Interview on 05/20/24 at 12:59 P.M. of the Administrator and Director of Nursing (DON) revealed Resident #57 refused to dress until she had her shower, and she had her shower later in the day. The Administrator stated call light audits were completed and most of the call lights were answered in about 10 to 15 minutes and that was a reasonable time frame. The Administrator stated 18 minutes was not an unreasonable amount of time to wait for a call light to be answered, and the question to ask was were the residents needs met? The DON stated resident perception could be that it took longer than it actually was for the call light to be answered.
Review of a facility list of alert and oriented residents included Resident's #42, #57, #58, #65, #83 were alert and oriented.

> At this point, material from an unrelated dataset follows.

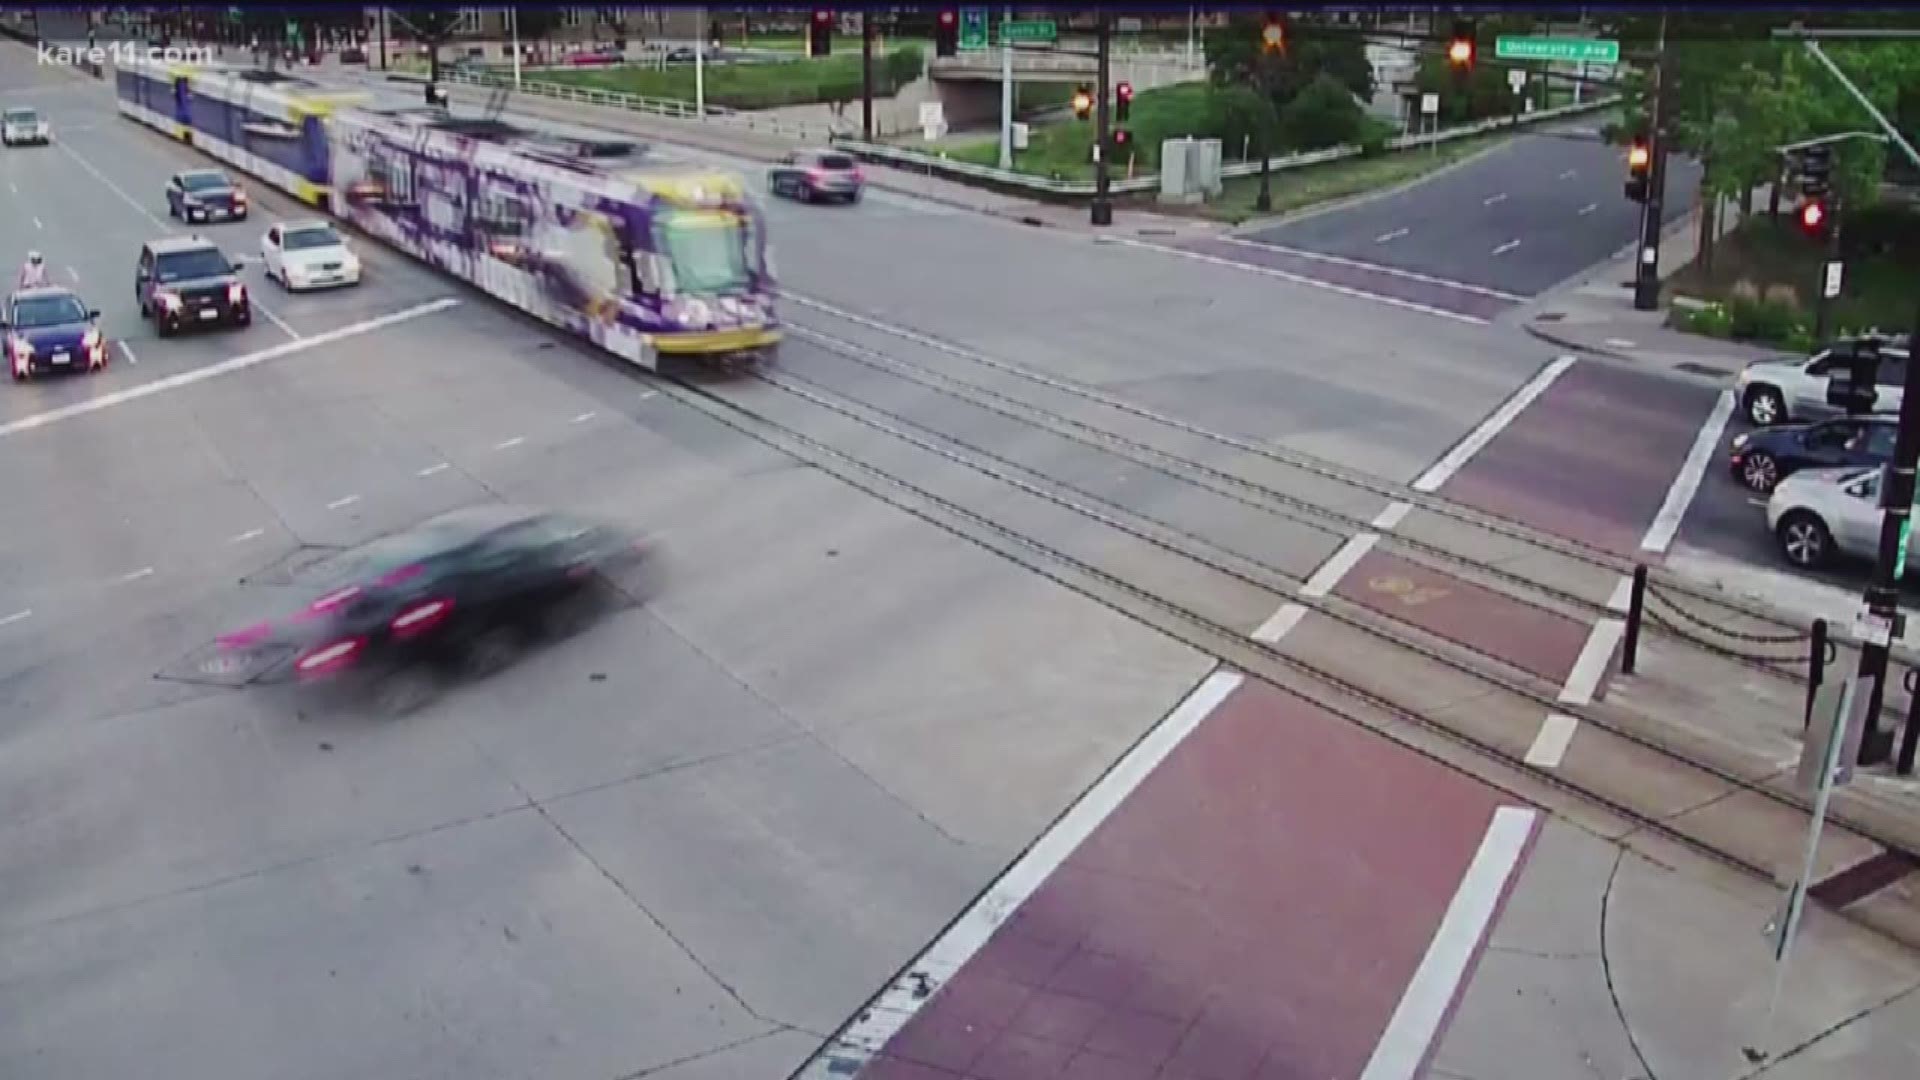 Video obtained by KARE 11 shows a light rail operator disregarded signals to stop leading to a fatal crash. However, prosecutors say they cannot charge him. https://kare11.tv/2RHNYPq

Review of the facility policy titled Resident Call System revised 03/2023 included the staff would provide an environment to assist in meeting the needs of the resident and to provide an environment which supported and enhanced each resident's quality of life, providing the necessary care and services to attain or maintain the highest practicable physical, mental, and psychosocial well-being, consistent with the resident's comprehensive assessment and plan of care. Respond to resident's call lights in a timely manner. Do not turn off the light if you were unable to meet the resident's needs.
Review of the facility policy titled incontinence care dated 2022 included to ensure a resident who was incontinent of bowel and, or bladder received appropriate treatment and services to prevent urinary tract infections and to restore continence to the extent possible.
This deficiency represents non-compliance investigated under Complaint Number OH00153017.